The former Cleveland Browns have tentatively made mid-March their target date to begin moving from their training complex in Berea, Ohio, to their new but temporary headquarters in Owings Mills.
Bob Eller, the team's director of operations and information, has begun taking bids and meeting with officials from Baltimore moving and storage companies.
According to preliminary plans, the move would be in four phases, with some of the team's property being moved to offices in Owings Mills, Memorial Stadium, or held in storage until a permanent site is located.
Baltimore's football franchise wants to be running at full strength by early April, confirmed Ozzie Newsome, the team's director of pro personnel, and new coach Ted Marchibroda.
"I was told by our people the Owings Mills facility would be available by March 1, and we could move in stuff by mid-March and be at full production by April 1," said Marchibroda. "I'm looking forward to seeing the complex because I wasn't around when they moved in."
Said Newsome: "I know we've had some movers in. The first phase will probably involve getting the equipment down so we can get the players involved in their off-season programs here."
Preparing for the move is just one of the many details Baltimore's front office must tackle before the team plays its first game during the 1996 season at Memorial Stadium. The team still has to choose a nickname and colors, select training sites and a permanent office location, and put together a front office staff.
"Right now, my plate is full," said Baltimore owner Art Modell.
Maybe Modell's next criti cal decision will be on the status of player personnel director Michael Lombardi, who was notably absent from yesterday's press conference introducing Marchibroda.
In fact, as of late yesterday afternoon, Lombardi still had not been notified by team management in Baltimore that the club had a new coach. There is speculation that Lombardi, a close friend of fired coach Bill Belichick, will be dismissed after the college draft in April. Lombardi, 36, has two years left on his contract.
Baltimore owner Art Modell said there will be more front office changes soon. When asked to comment on Lombardi's status, Modell would only say: "It's under review."
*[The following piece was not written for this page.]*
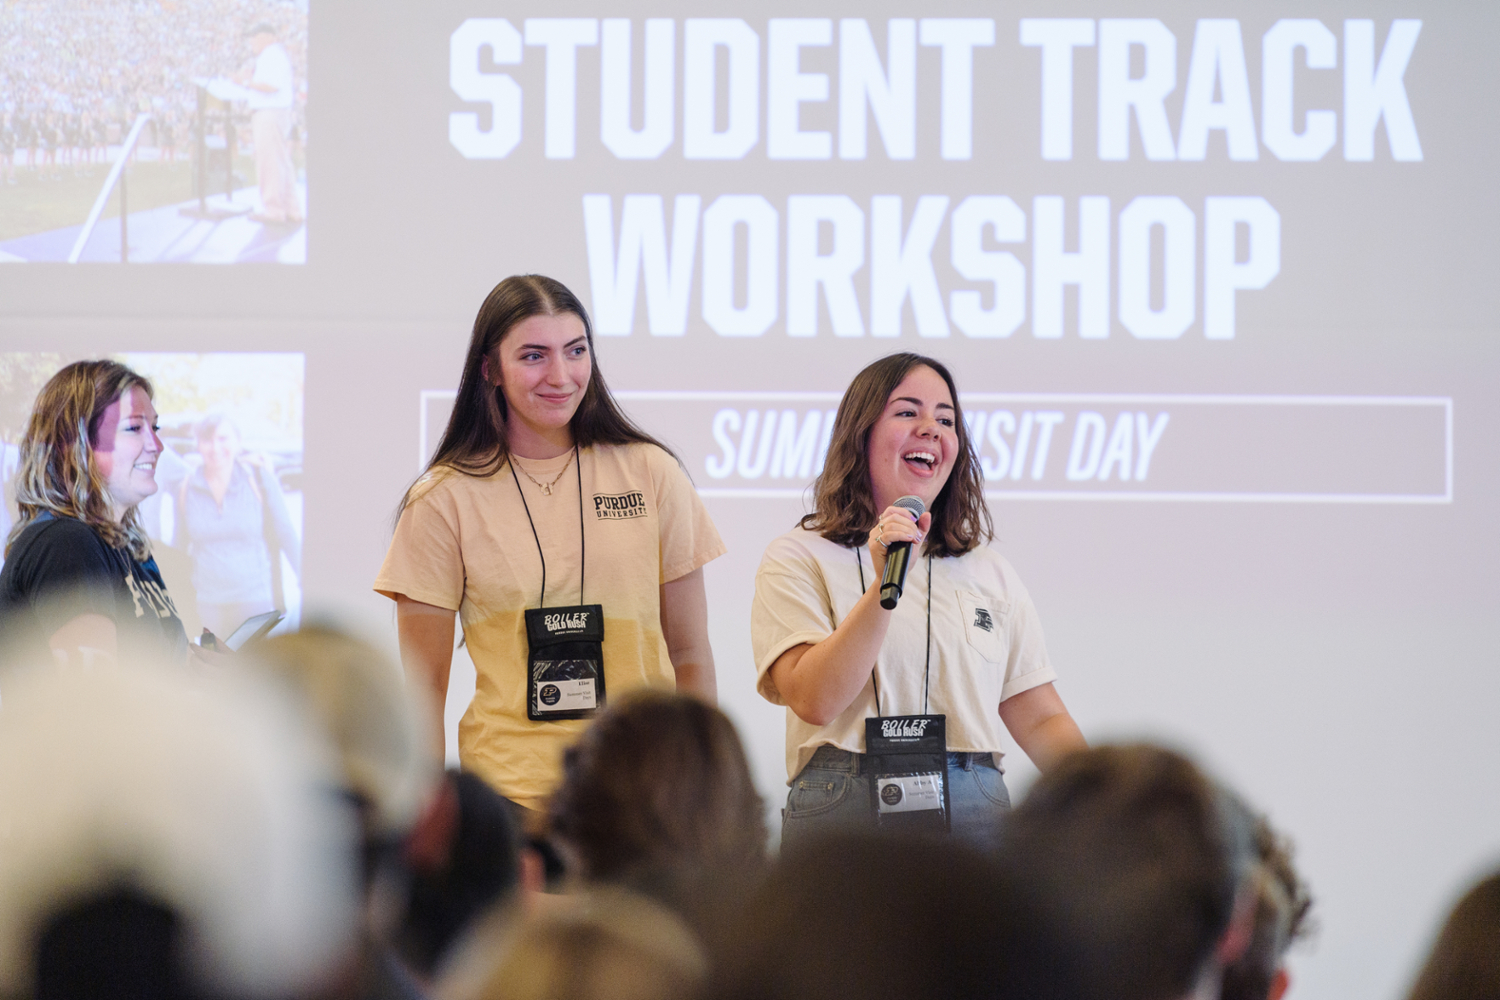 pictured: two students stand by a projector and talk during an s.v.d. presentation

Newsome, a former Browns All-Pro tight end, will play a more active role in the team's daily operations, according to Modell. Newsome will assist Lombardi with the draft. Both attended the recent college scouting combine in Indianapolis.
"I haven't spoken to Art since Jan. 4," Lombardi said from the Berea headquarters. "I was told back in January to work on the draft, and that's what I'll be doing until somebody tells me otherwise."
Today is the deadline for the city and surrounding counties to submit proposals for the team's new headquarters and training complex. Among the many proposals expected to be received is one from the city, which is considering offering the team the 21.5-acre site left vacant after last year's demolition of the 806-unit Lafayette Courts public housing complex.
The city also is considering submitting Memorial Stadium, part of a 33-acre tract it has been working to redevelop since Oriole Park at Camden Yards opened, sources said.
Offers on sites in Baltimore, Harford, Carroll, Howard and Anne Arundel counties also are either being prepared or have already been submitted. Baltimore County has the early lead with 11 site proposals.
Team vice president David Modell said no deadlines have been set by the club or NFL Properties for a name or color scheme, but team officials continue to work on the project. Acquiring the Colts name and logo is still under consideration, even though the cost may be high.
Colts general manager Jimmy Irsay doesn't return phone calls from the Baltimore media, but told an Indianapolis Star reporter: "Art asked me about it last week and I said I'd listen, but I told him I really didn't have an interest. It's hard for me to imagine that ever happening. In this business, I've learned to never say never, but I can't imagine anyone coming up with any type of offer that would interest me.
"I don't see that happening. We have been approached about it in the past and we have thought about whether it would be beneficial for us to have a new name for the franchise," said Irsay, son of Colts owner Robert Irsay. "But I'm a traditionalist, and that horseshoe is a unique symbol. It means a lot to me and my family. We don't want to change."
Modell said: "The door is not closed yet. I will take one more stab at it."